However, there are many reasons for online cart abandonment; we will check out some major below:
- There is a sudden rise in overall cost (after adding shipping and other charges).
- Payment security is not trustworthy.
- The buyer caught up with a better price somewhere.
- Cash on delivery (COD) is not available.
- The checkout process is complicated or too long.
- Future purchase experiment.
- Ineffective check-out process.
- An error occurred, or a website crashed.
- A website needs a new account creation.
Let’s elaborate on some significant reasons below:
1. A Poor Checkout Flow Will Spoil The User Experience
Every customer needs to follow a checkout flow to purchase a product. So, if you design a poor checkout, it will annoy them.
2. Checkout Is Relevant To Money; Therefore, Buyers Are Cautious About It.
While making a payment, every buyer is concerned. So, a long and non-impressive checkout will leave them demotivated and won’t complete the purchase. Hence, they will abandon their cart even if they need your product too hard.
3. A Poor eCommerce Flow Will Affect All The Purchases.
The products you sell on your site will demand following a checkout flow to complete the purchase. Therefore, a poor checkout may risk the sale of your products.
4. Checkout Flow Is The Basic Process Of Online Purchases.
Any flaw of this process would be an error impacting the entire purchase process and the online selling mechanism.
So, you shouldn’t take any risks, and you should emerge with a simple, impressive, and trustful checkout flow for your eCommerce store.
How Do You Go Through Checkout Flow?
Checkout flow starts with clicking on “Add to cart” and ends post-payment (or Thank You page). We need to follow every step while crafting a smooth journey, motivating buyers to purchase.
A seller needs to target the below two things in his checkout flow process:
- Accumulate customers’ details, like email, name, phone number, shipping address, etc., to run personalized ads, promotional outreach, or ease future orders.
- Allow customers to pay for the products they choose to buy and collect their payment details.
The checkout flow should include the below steps preferably:
1. Pre-Checkout Process
Akin to the checkout process, the pre-checkout one also holds importance. You need to start encouraging decision-making on the product page.
Offering all the essential information a customer would need for a product page plays a significant role in assisting them in making a buying decision.
2. Add To Cart
Only potential buyers add products to their cart, which is the first step of a checkout process.

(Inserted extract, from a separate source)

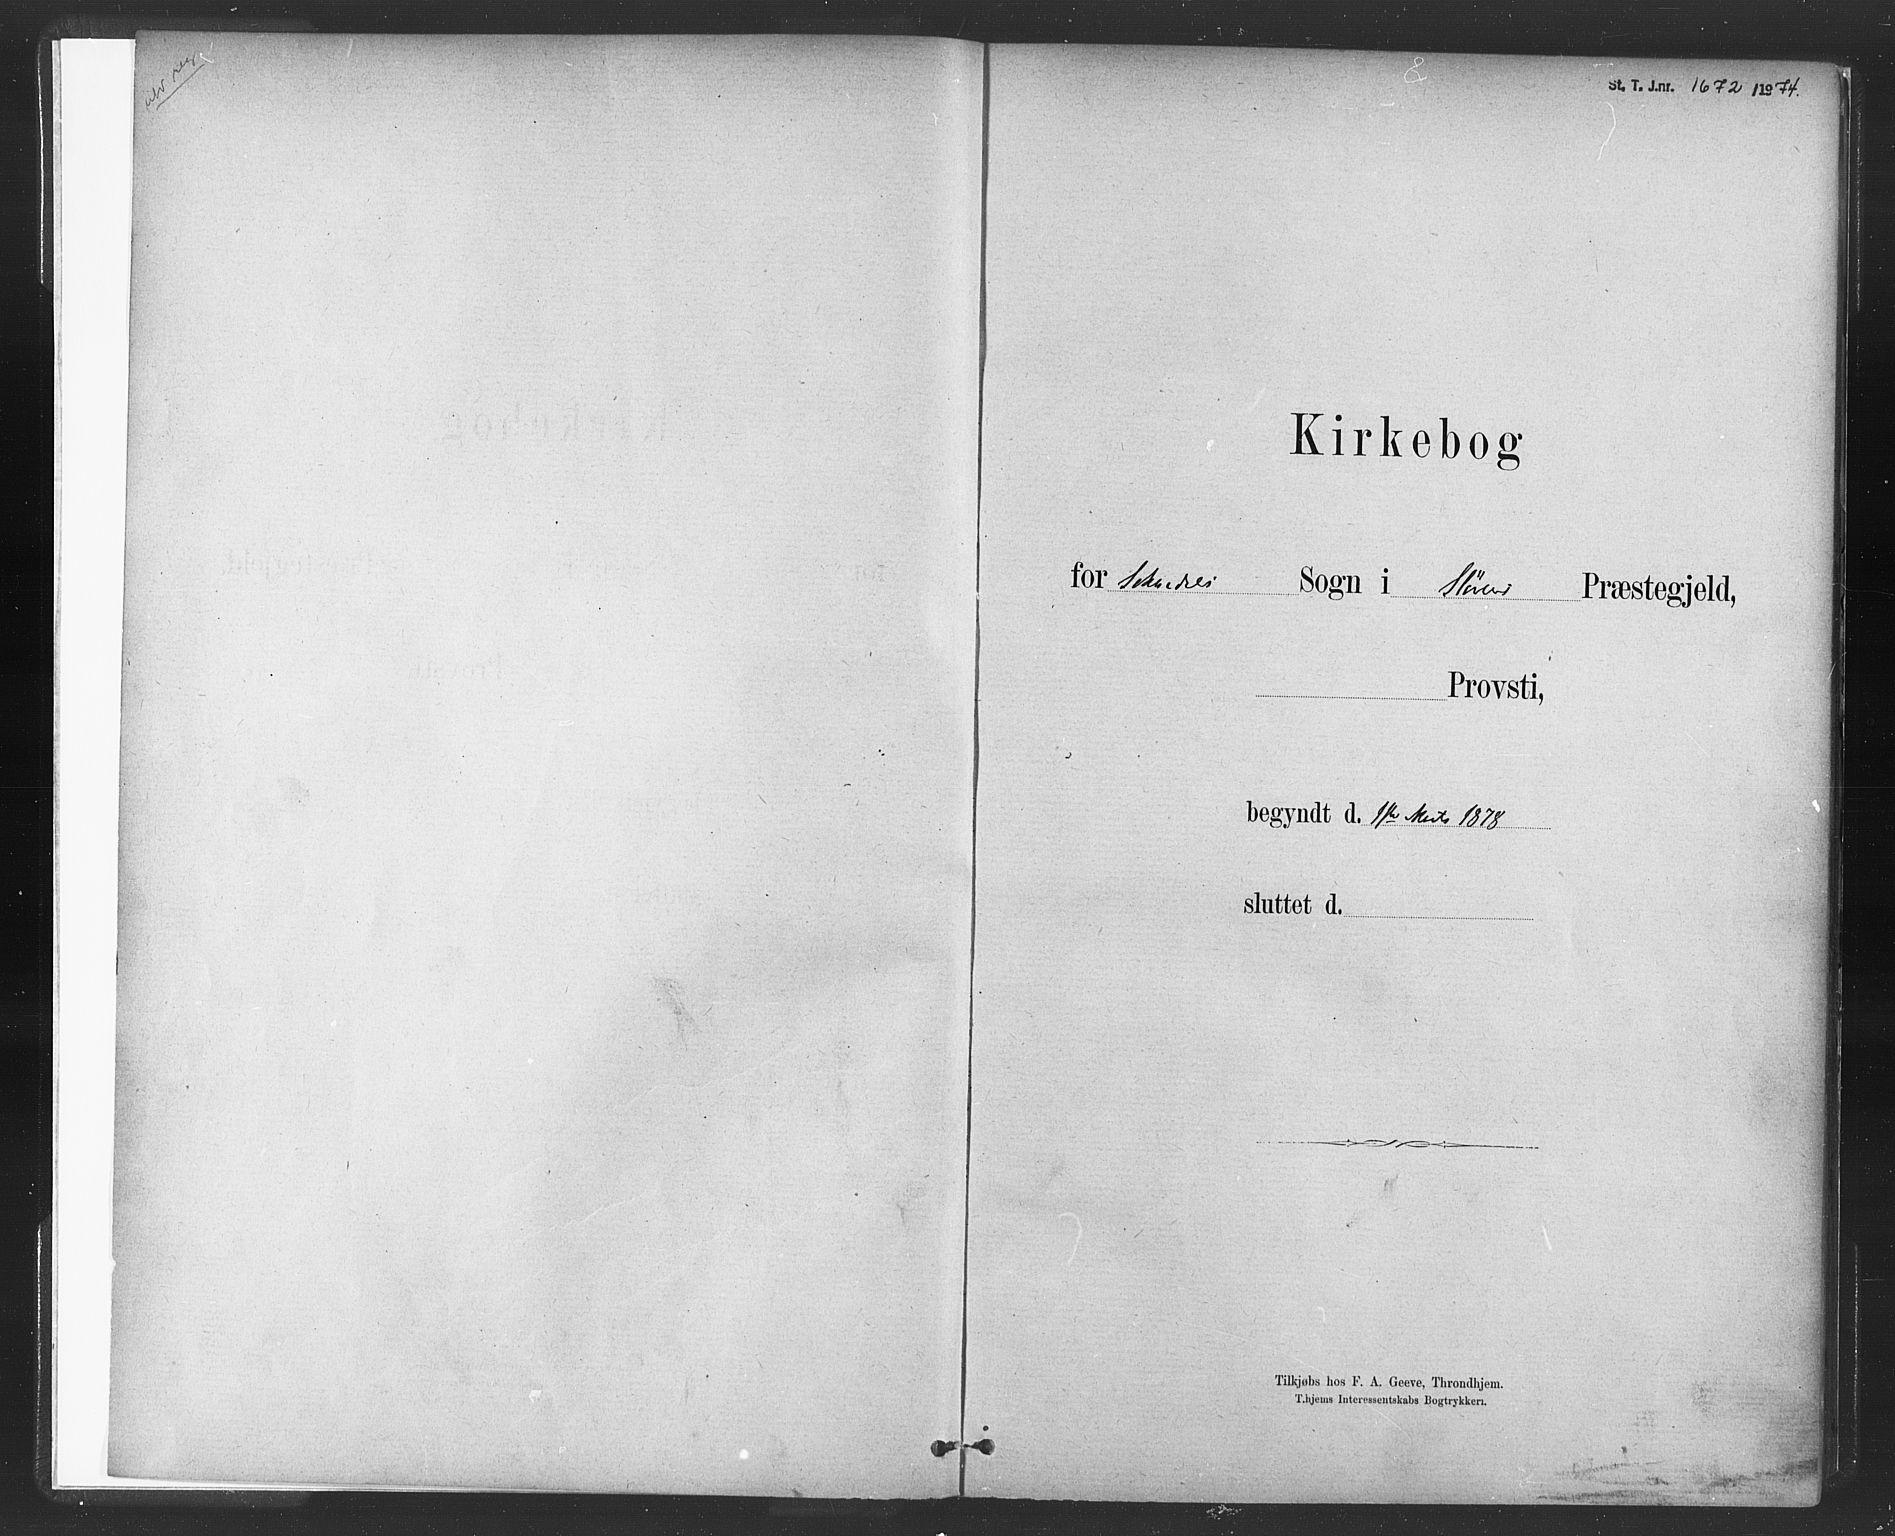 SAT, Ministerialprotokoller, klokkerbøker og fødselsregistre - Sør-Trøndelag, 689/L1040: Ministerialbok nr. 689A05, 1878-1890

The visitors come to your eCommerce store to buy your products, and they add the products to the cart they want to buy.
3. Billing Info
Using the information, like product name, in-stock number, cost, etc., the store owners produce an organized and well-published receipt along with the delivery charges and the payable amount. One needs to maintain transparency amongst both ends.
4. Shipping Info
In this step, the buyer enters the information, like shipping category (time to pick), address, and more used for delivery purposes.
5. Shopping Method
The buyers pick a payment mode in this step. They can select any option, like internet banking, online payment, COD, or online wallets (such as Amazon Pay and Paytm), which are available on your eStore and as per their convenience.
6. Secure Payment
The buyers who don’t choose the COD option undergo this step.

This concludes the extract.